Try changing the sentence to see how context affects predictions. Replace “cat” with “politician” and see if the predictions for [MASK] change — they will, because BERT reads the full sentence in both directions.


Code Block 2: Sentence classification using the [CLS] vector

from transformers import BertTokenizer, BertModel
import torch

tokenizer = BertTokenizer.from_pretrained("bert-base-uncased")
model = BertModel.from_pretrained("bert-base-uncased")  # base model, no task head
model.eval()

# Two sentences to compare
sentence_a = "The movie was absolutely fantastic — I loved every scene."
sentence_b = "The food at the canteen was cold and tasteless."

# Tokenise both sentences
inputs = tokenizer(
    [sentence_a, sentence_b],
    padding=True,        # pad shorter sentence to match longer
    return_tensors="pt"
)

with torch.no_grad():
    # outputs.last_hidden_state shape: (batch_size, seq_len, hidden_size)
    # outputs.pooler_output is the [CLS] vector, shape: (batch_size, hidden_size)
    outputs = model(**inputs)

# Extract the [CLS] vector for each sentence
cls_vectors = outputs.pooler_output  # shape: (2, 768)

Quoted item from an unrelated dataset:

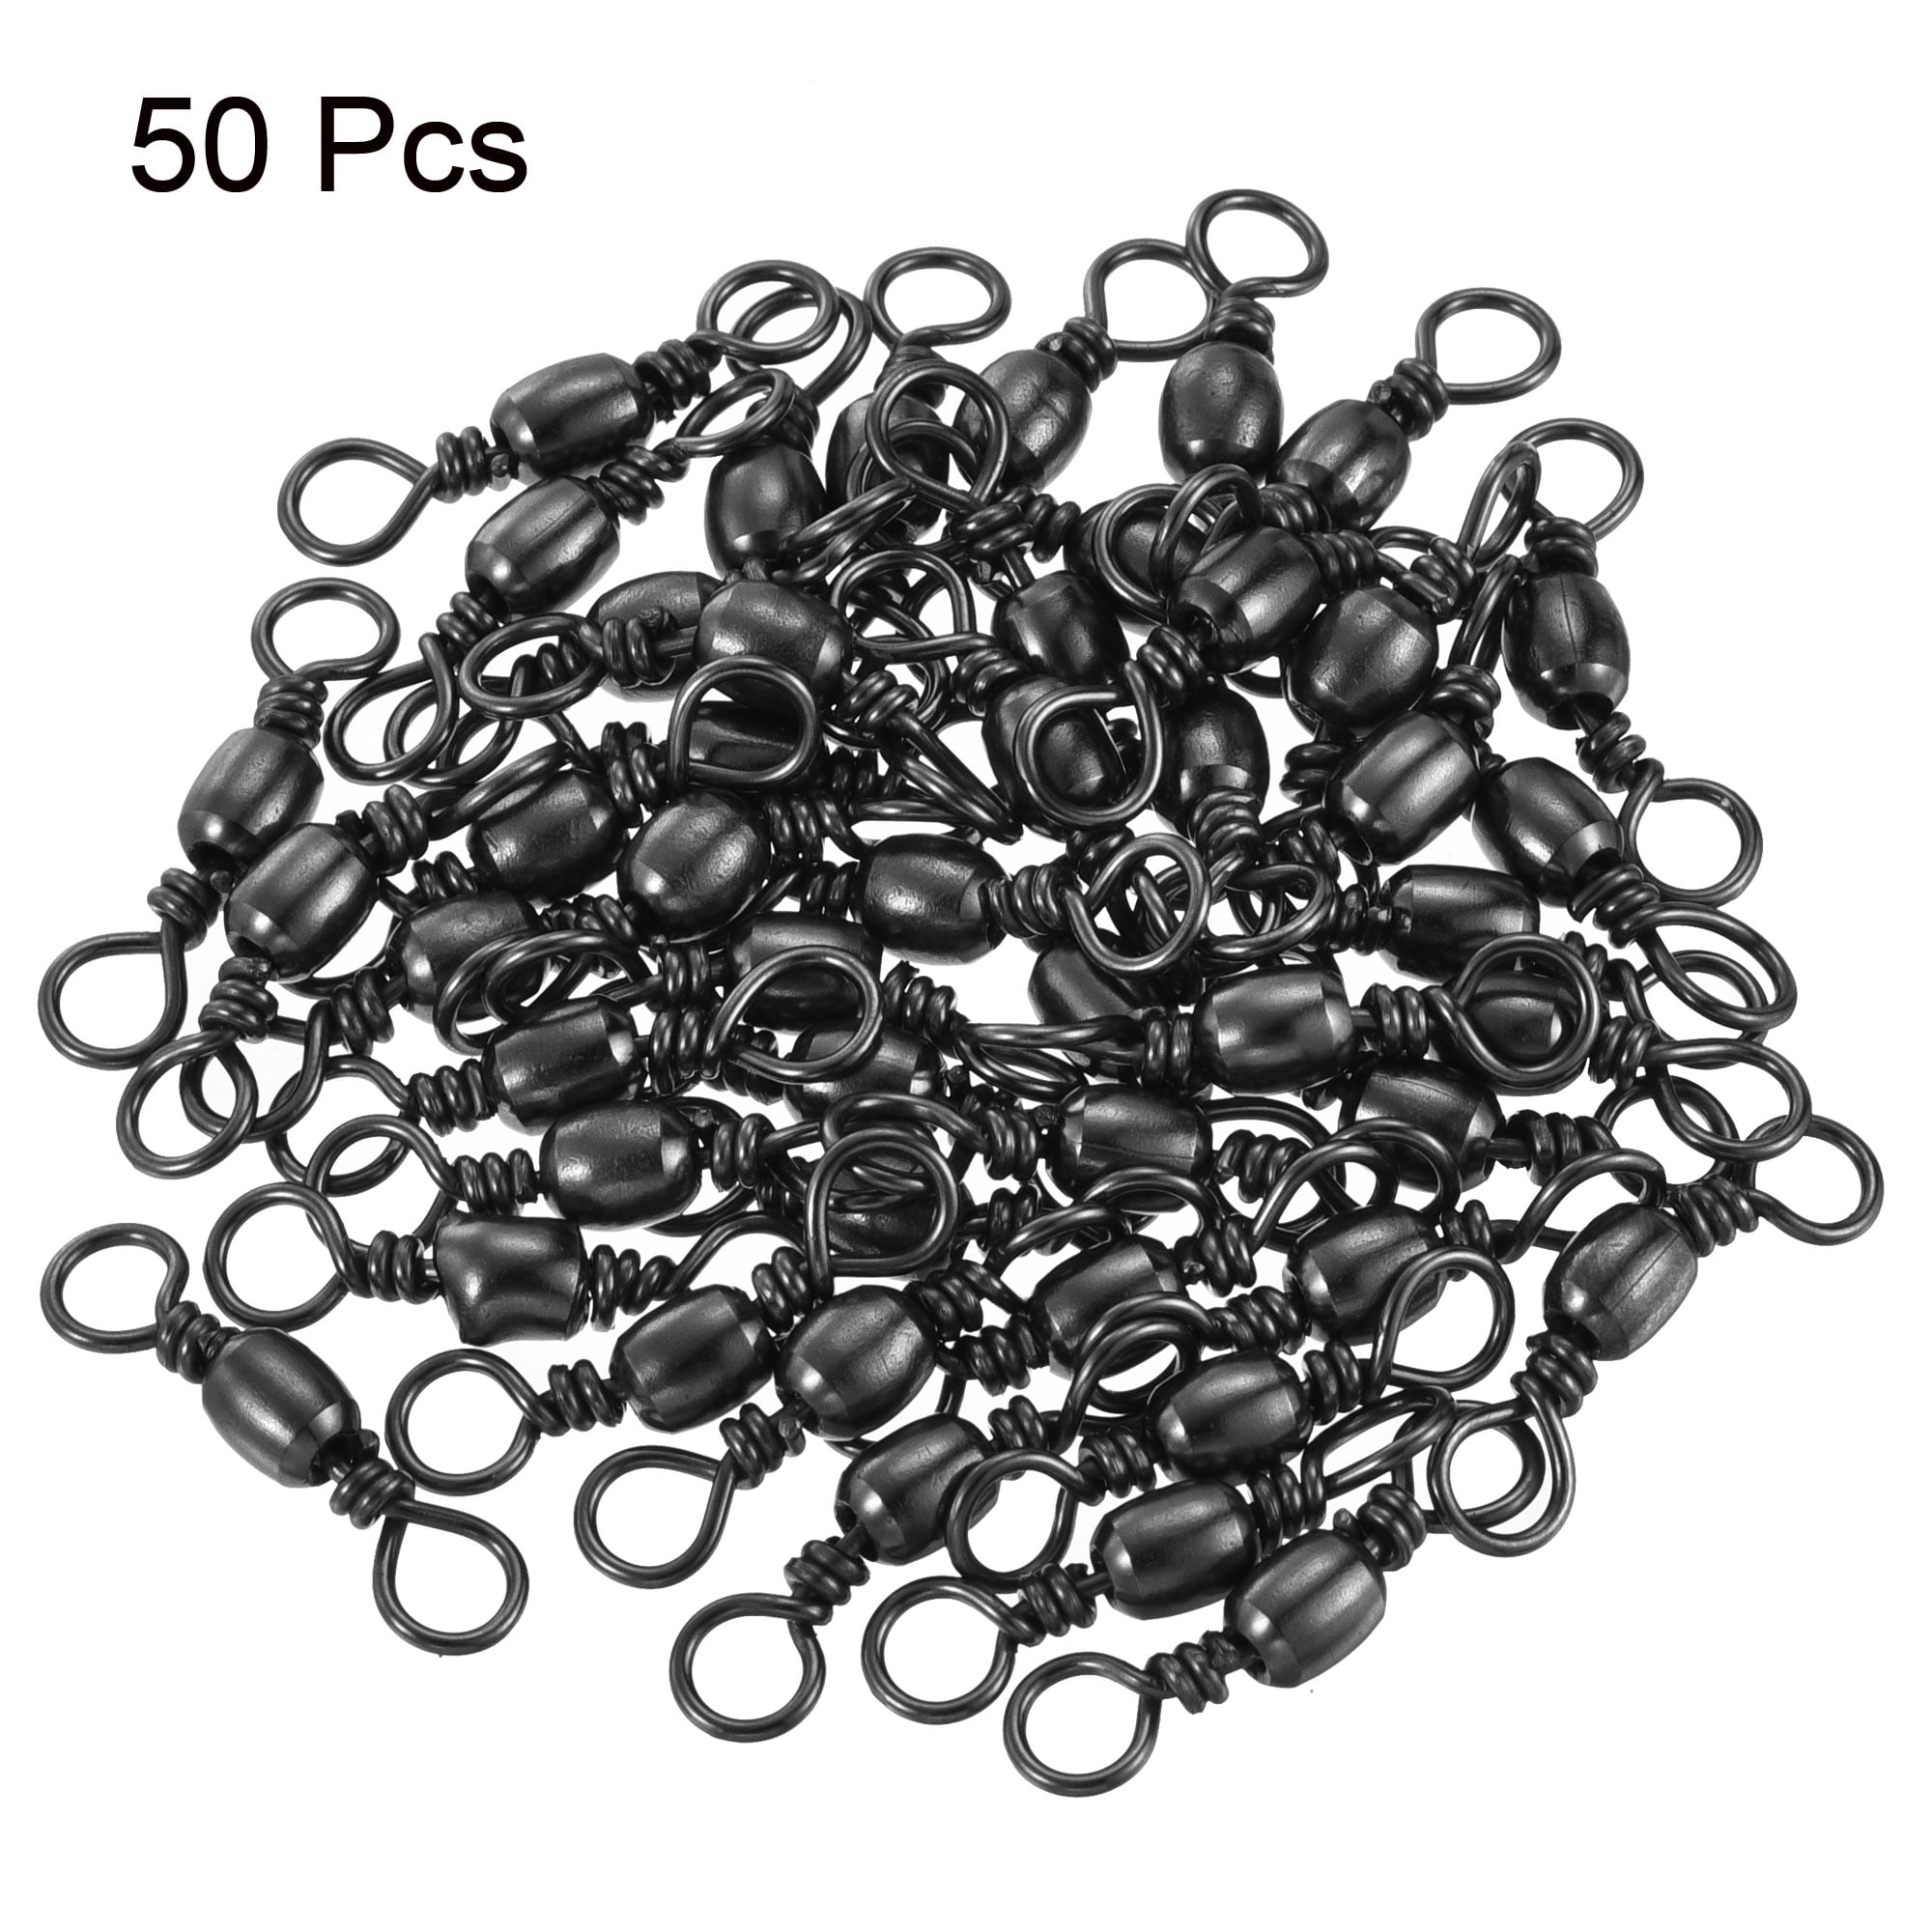 Uxcell 110LBS Stainless Steel Fishing Barrel Swivels, Black 50 Pack

print(f"CLS vector shape: {cls_vectors.shape}")  # (2, 768)

# Compute cosine similarity between the two CLS vectors
# (measures how similar the model thinks the two sentences are)
a = cls_vectors[0]  # sentence A
b = cls_vectors[1]  # sentence B
similarity = torch.dot(a, b) / (torch.norm(a) * torch.norm(b))
print(f"\nCosine similarity between A and B: {similarity.item():.4f}")
# Sentences about very different topics → low similarity (closer to 0)

# In a real classifier, you would:
# 1. Load a labelled dataset (e.g. sentiment: positive/negative)
# 2. Add a linear layer on top of cls_vectors: nn.Linear(768, num_classes)
# 3. Fine-tune the whole model on that dataset
# 4. At test time, pass a sentence → get cls_vector → linear layer → class prediction
print("\nThe CLS vector is a 768-dim fingerprint of the sentence.")
print("Fine-tune a linear layer on top to classify any sentence property.")

What just happened?

In Code Block 1, BERT ran a full bidirectional forward pass over your sentence, using context from both sides of the [MASK] to predict the most likely word. The word “mat” ranked high because BERT has seen “sat on the mat” countless times during pre-training.

In Code Block 2, you extracted the [CLS] vector — the 768-dimensional summary that BERT builds for the entire sentence. This is what gets plugged into a linear classifier for fine-tuning. The pre-trained CLS vector already carries useful sentence-level semantics — positive sentiment sentences cluster together in the 768-dimensional space, even before any fine-tuning.

The critical point: in a fine-tuning scenario, you would train the linear classifier and simultaneously update all of BERT’s parameters on your labelled dataset. The pre-trained parameters give the model a massive head start — you typically need only a few hundred to a few thousand labelled examples, not millions.